[Task]
Pictures are to be left out, and only the lines below starting at the one with "Hacker Quotes Wallpaper" and ending at the one with "A collage of" are to be reproduced, each exactly, both ends included.

===== Dataset =====

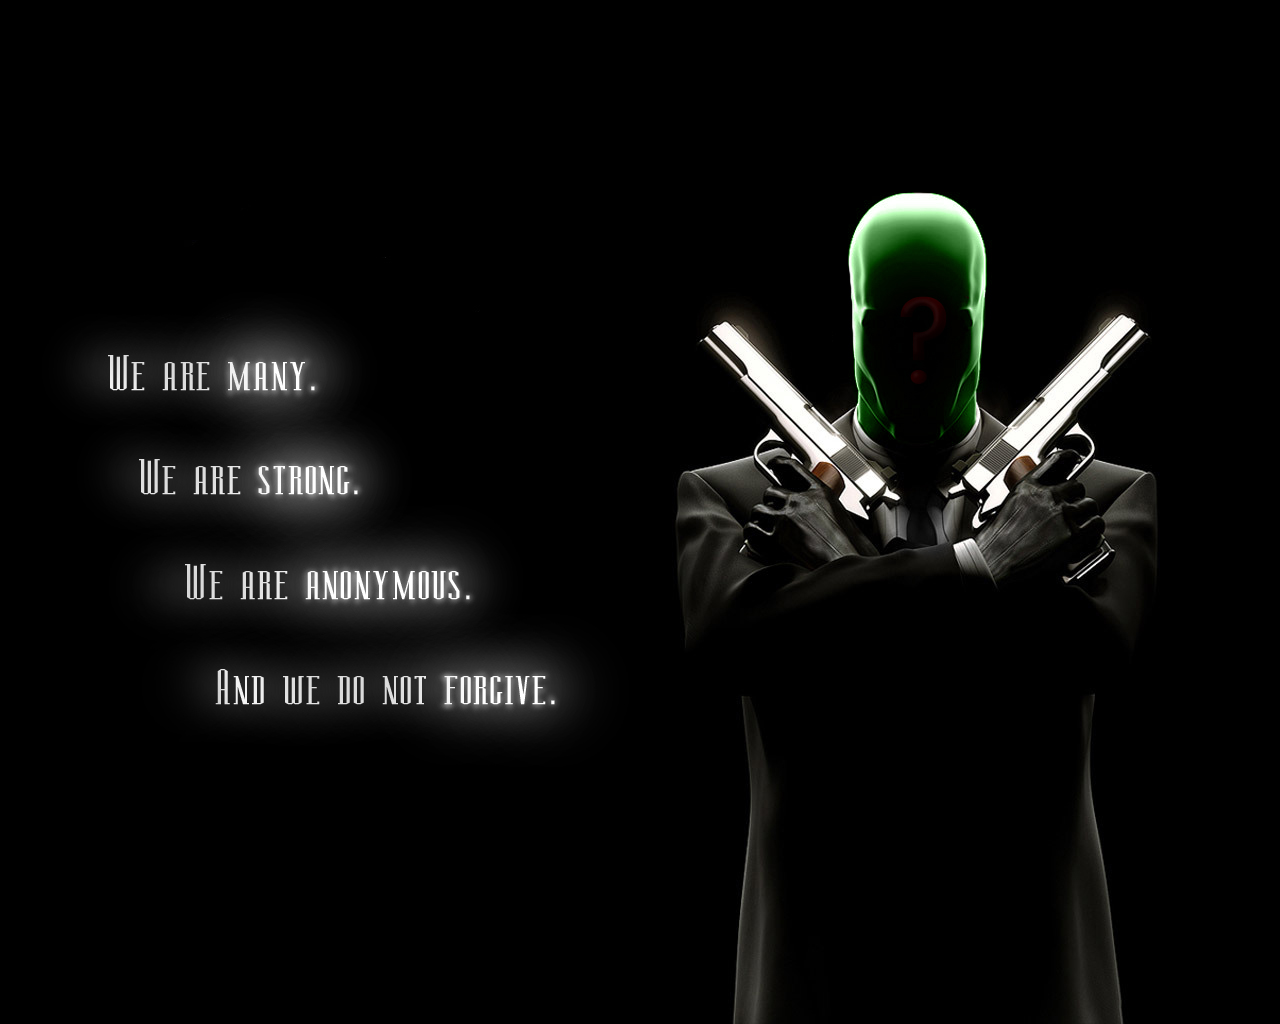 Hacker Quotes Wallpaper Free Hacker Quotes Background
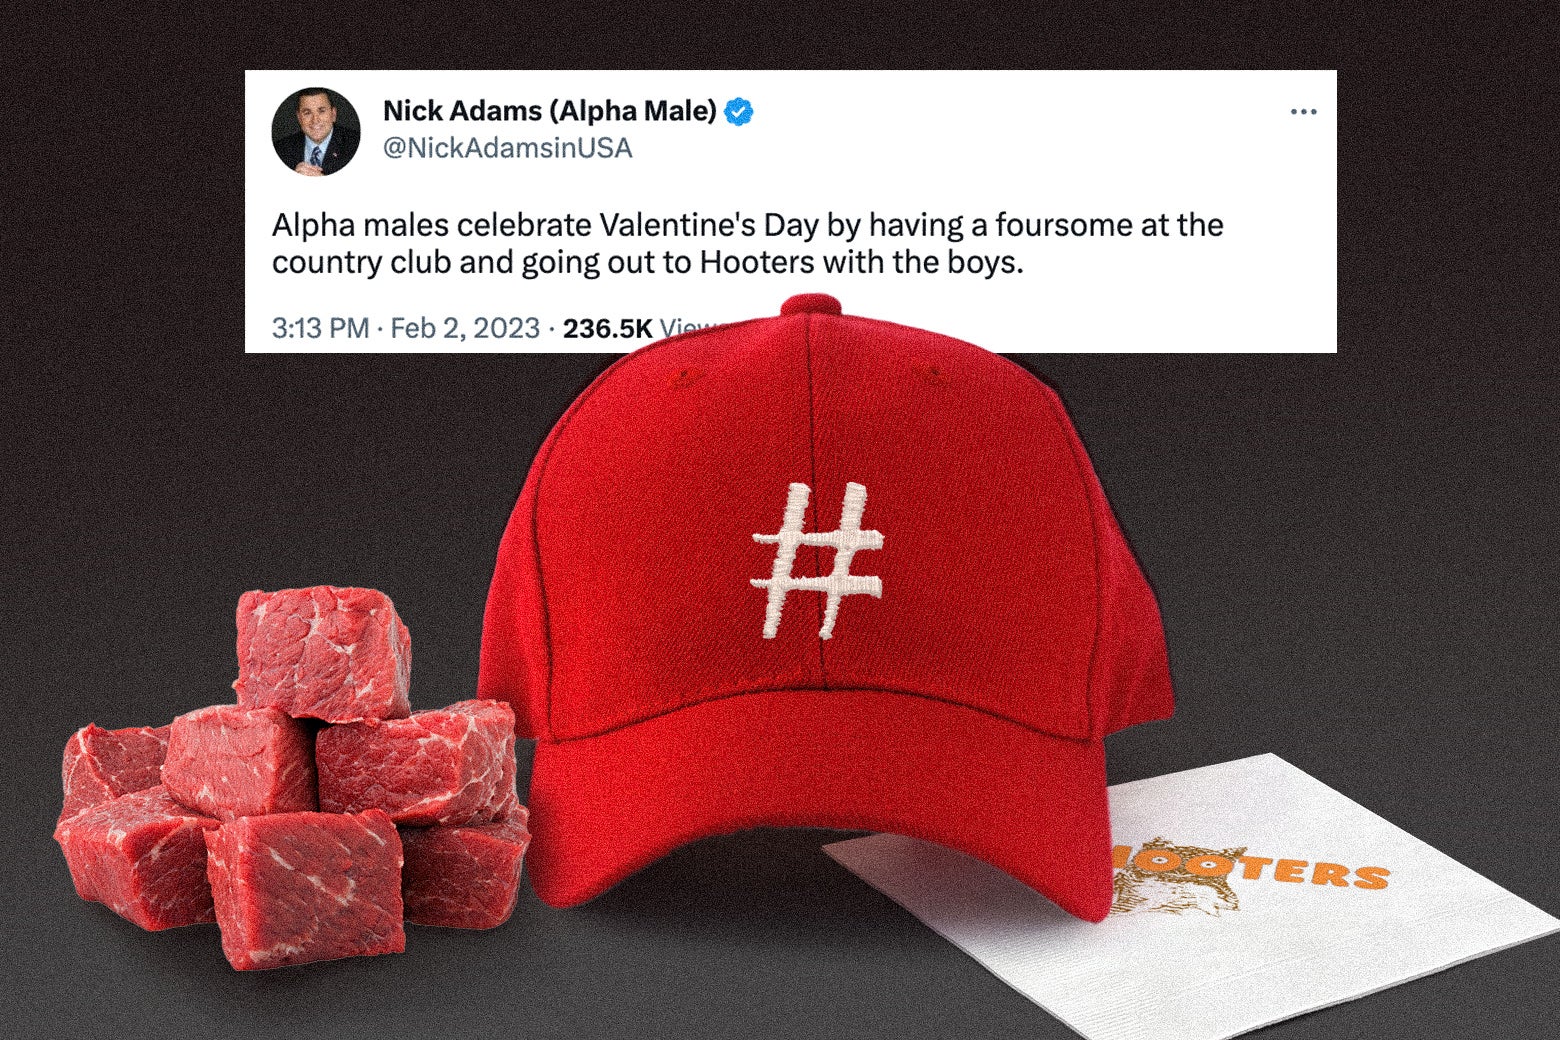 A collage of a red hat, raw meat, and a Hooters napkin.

=====
===== Dataset =====

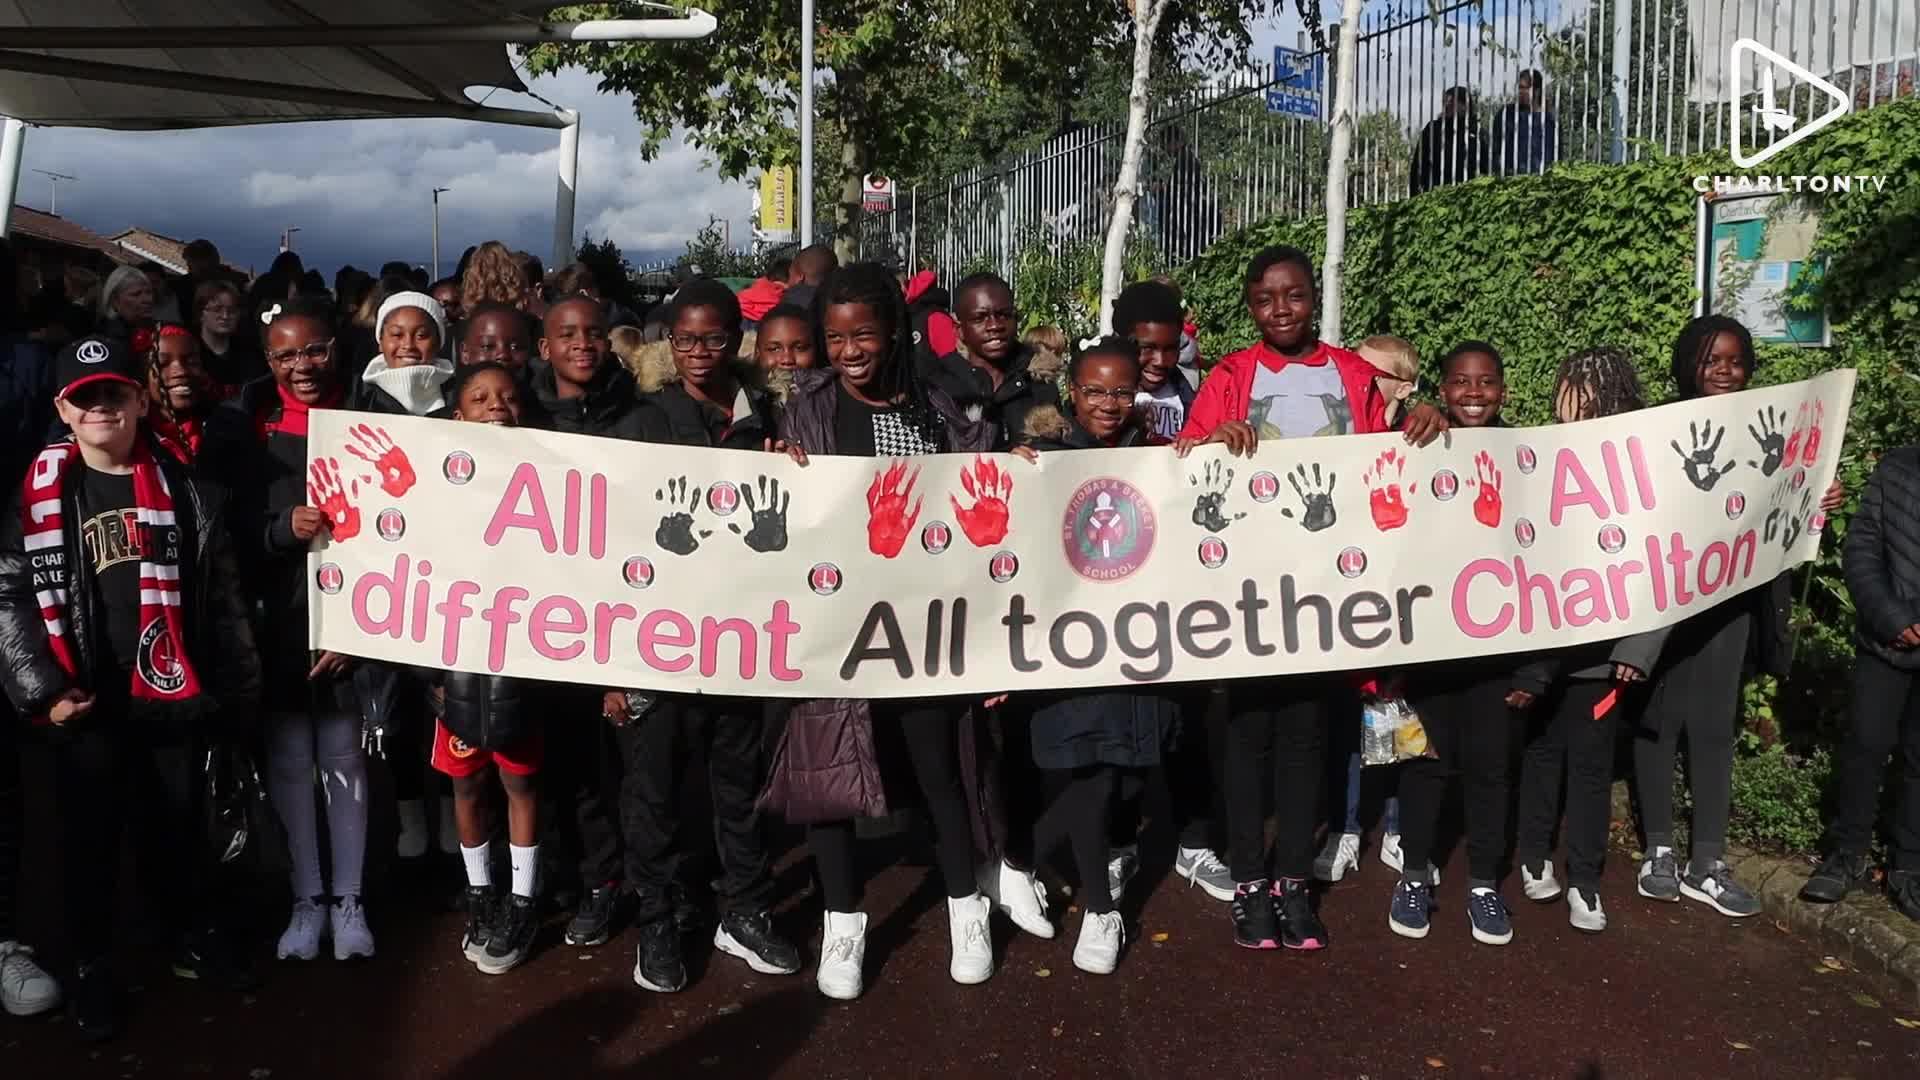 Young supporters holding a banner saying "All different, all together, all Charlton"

=====

[Exercise output]
 Hacker Quotes Wallpaper Free Hacker Quotes Background
 A collage of a red hat, raw meat, and a Hooters napkin.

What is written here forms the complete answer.